I am sorry, i will reply to you from high level point of view, without code. My training and val datasets are about the same size (80k .jpg images 640x640 each). During training i use single machine 3 GPU with batch size of 24 each (72 total).
That is command i used before train params: CUDA_VISIBLE_DEVICES=0,1,2 torchrun --nproc_per_node=3
It takes about 21GB out of 24GB of each GPU memory and about 20 GB RAM. Now during evaluation, the number raises over 128 GB RAM (which my total RAM size). Your updated code did not solve that problem as well. There is still SEGFAULT error.

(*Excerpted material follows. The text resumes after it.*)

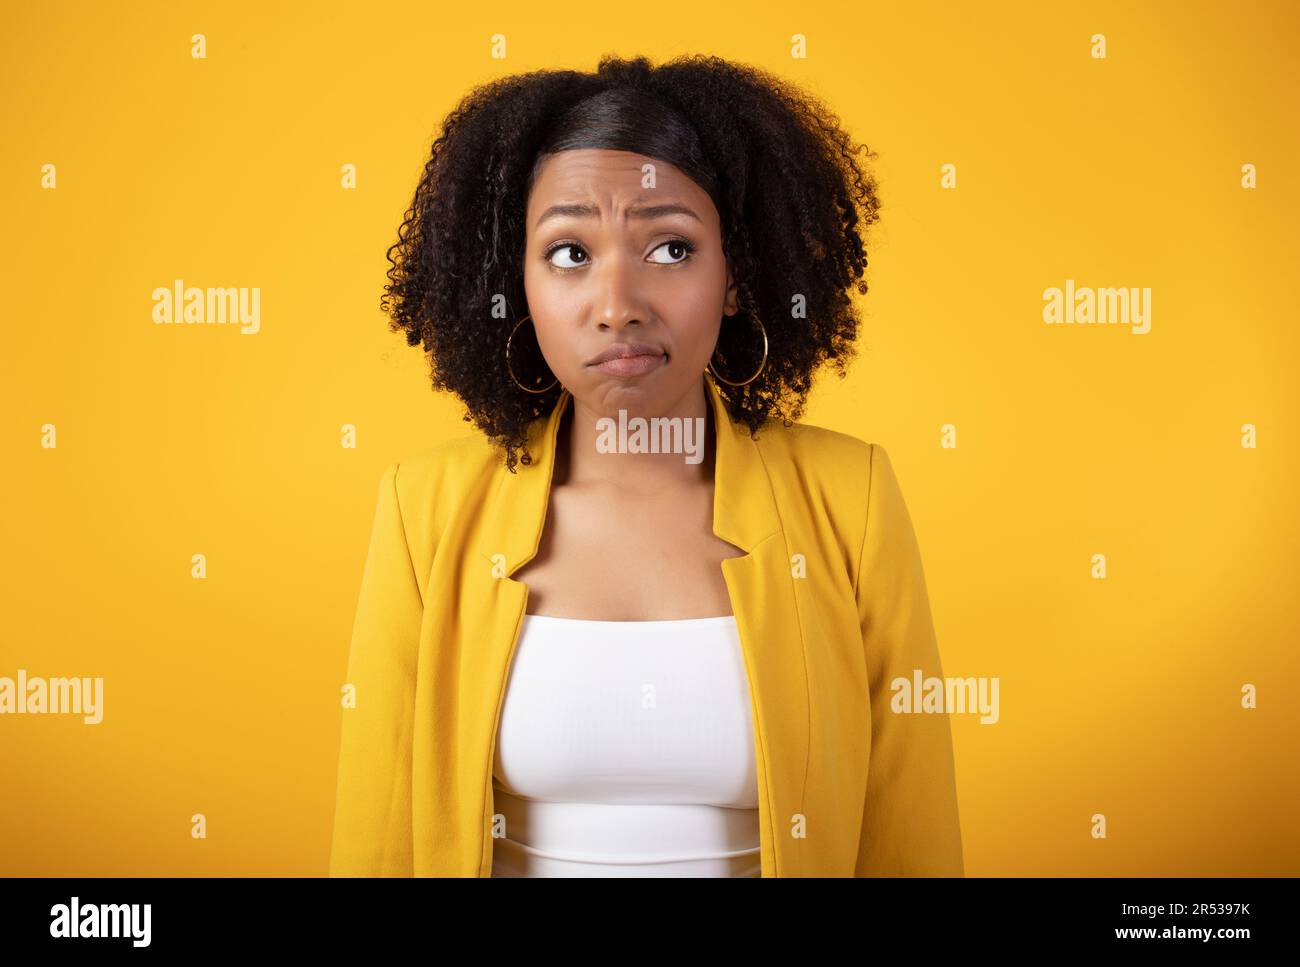 Jeune femme noire triste et attentionnés, regardant de côté sur fond jaune, imaginant quelque chose, se sentant douteuse ou contrariée Banque D'Images

I've evaluated model using 1 GPU and 1 process so it took about 50 GB RAM for evaluation which is huge number as well. I dont know where to start to look for the problem, it looks like evaluation code itself is not memory efficient somehow.
If we will choose to use your project I will be happy to debug it and commit fixes and changes.
Currently, there is a problem with memory exploding in the coco dataset class.
https://github.com/lyuwenyu/RT-DETR/issues/93 https://github.com/lyuwenyu/RT-DETR/issues/172 https://github.com/lyuwenyu/RT-DETR/issues/207
The cause by Copy-on-read of the Forked CPython object if you want to explore this problem, check this blog post Demystify-RAM-Usage-in-Multiprocess-DataLoader
The CocoDetection_share_memory class uses less total pss memory than current repository coco dataset class. This can be found in memory_check.py.